# Basic Vfd Questions



## dbassing (Nov 21, 2016)

Hello all,
I am in the process of installing a 3 phase motor on my Clausing 8520 mill and have decided on a TECO N3-202-CS VFD. I have been reading the manual online and have a pretty good idea about the overall ideas such as wiring and programming. Couple of basic questions:
Is there an on/off switch on the VFD or is it always powered up as long as the circuit feeding it is on?

What type of wiring is suitable for running from the VFD to remote switches near the mill for start, stop, forward, reverse and speed?

Thoughts on enclosure for the VFD? Cooling fan?

Thanks for any ideas and if someone has some pics of their installation please post those too.

David


----------



## gr8legs (Nov 21, 2016)

I have Teco drives on my mill and lathe. They seem pretty bullet-proof.

The drive does not have a power switch, turn off the breaker in the panel or just leave it on - they draw practically nothing at idle.

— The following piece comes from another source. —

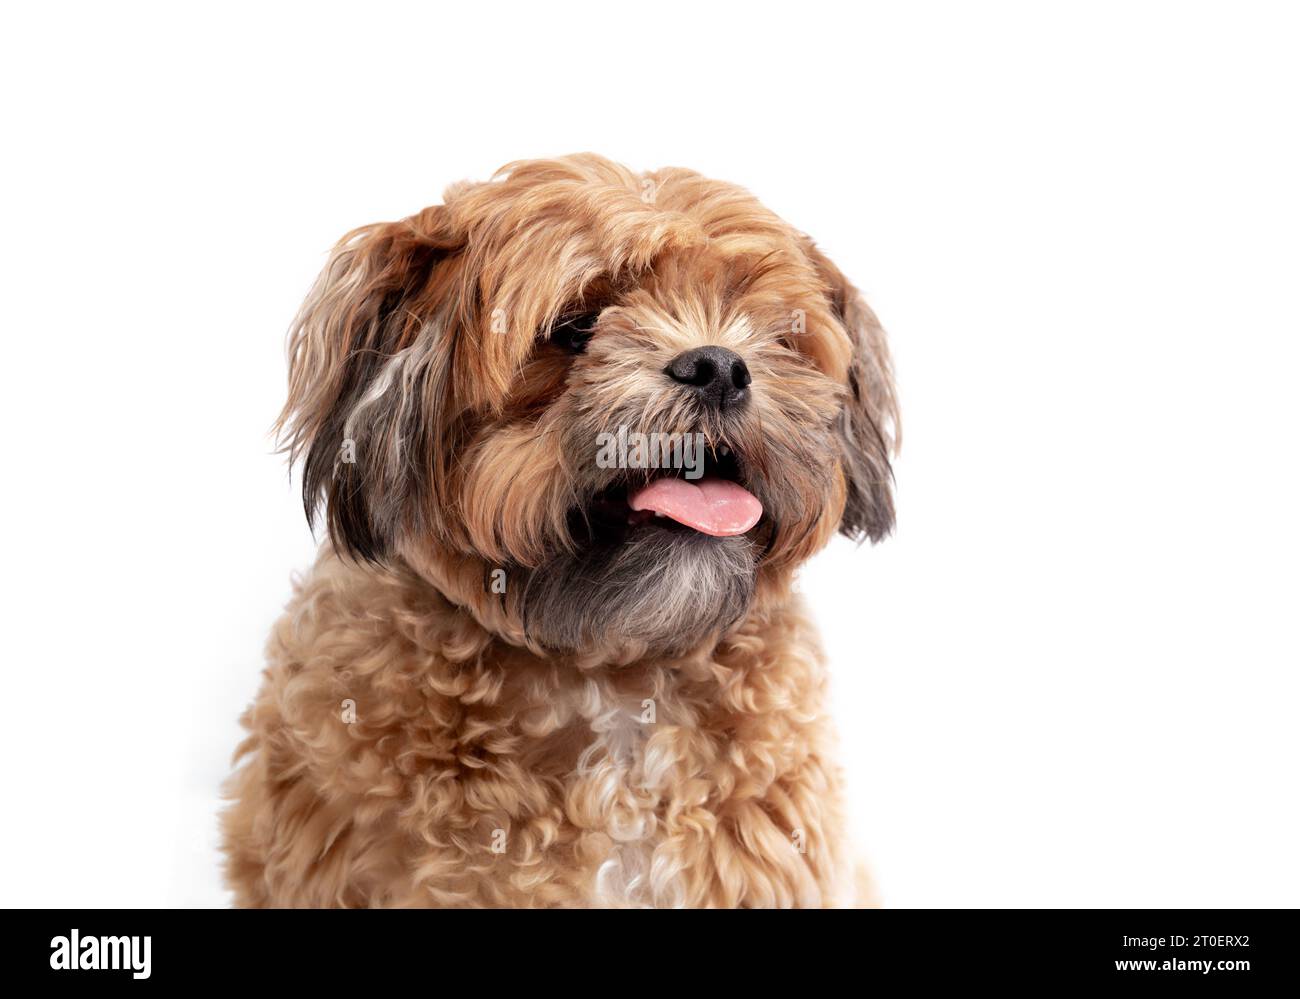 Isolierter Zuchon-Hund mit einer Zunge, die herausragt. Kleiner flauschiger brauner Hund, der in die Kamera blickt. 3 Jahre alter Shichon, Shih Tzu-Bichon Mix oder Stockfoto

The control circuitry is low current at less than 24 volts and you can use most any wire for the controls. The limiting factor is if the wire is exposed or runs across the floor you want something rugged enough to withstand that service.

The VFD probably already has a cooling fan built in. I would not bother with an enclosure, just mount the unit on the wall so you can see the readout and get to the keyboard controls easily when you need to tweak the settings.

Stu


----------



## mksj (Nov 22, 2016)

A few things to consider, the manuals usually give some guidance as to wire gauge and type. I use shielded wire for my control lines (12-24VDC usually a few milli amps of current), unlikely you would have any issues with short cabling, but worth the additional safety if you are going remote controls more than a couple of feet away. I usually use anything from 18-22G stranded wire cable, something like 6C or 7C (depends on the controls and remote speed pot).  I would use 3 wire control on a mill, very simple. You would probably want an E-Stop, speed control, momentary off, momentary on, spindle direction. Maybe an inexpensive tach. but this would require a 12VDC power supply.  http://www.hobby-machinist.com/threads/why-use-a-switch-button-panel.50646/#post-425598

The VFD to motor cable can generate a lot of electrical noise, I know of a few people that have had problems. If you have longer motor cable runs (more than 4') you might use flexible shielded conduit or shielded cable, since it is 3 phase, you need 3 conductors and a ground (separate from the shield drain wire). It is recommended that the shields all be grounded at the VFD. If you are going to use a remote speed pot, the cable should be shielded if more than a few feet, something like 22-24G 3C or 4C. Without the shielding I have seen significant noise/jitter picked from 6-12' unshielded speed cables. In any case, do not tie the motor cable with the signal cable wires. In a mill, with very short wiring distances, electrical noise may not be an issue. I just follow the manual recommendations, and have not had any problem with dozens of VFD systems.  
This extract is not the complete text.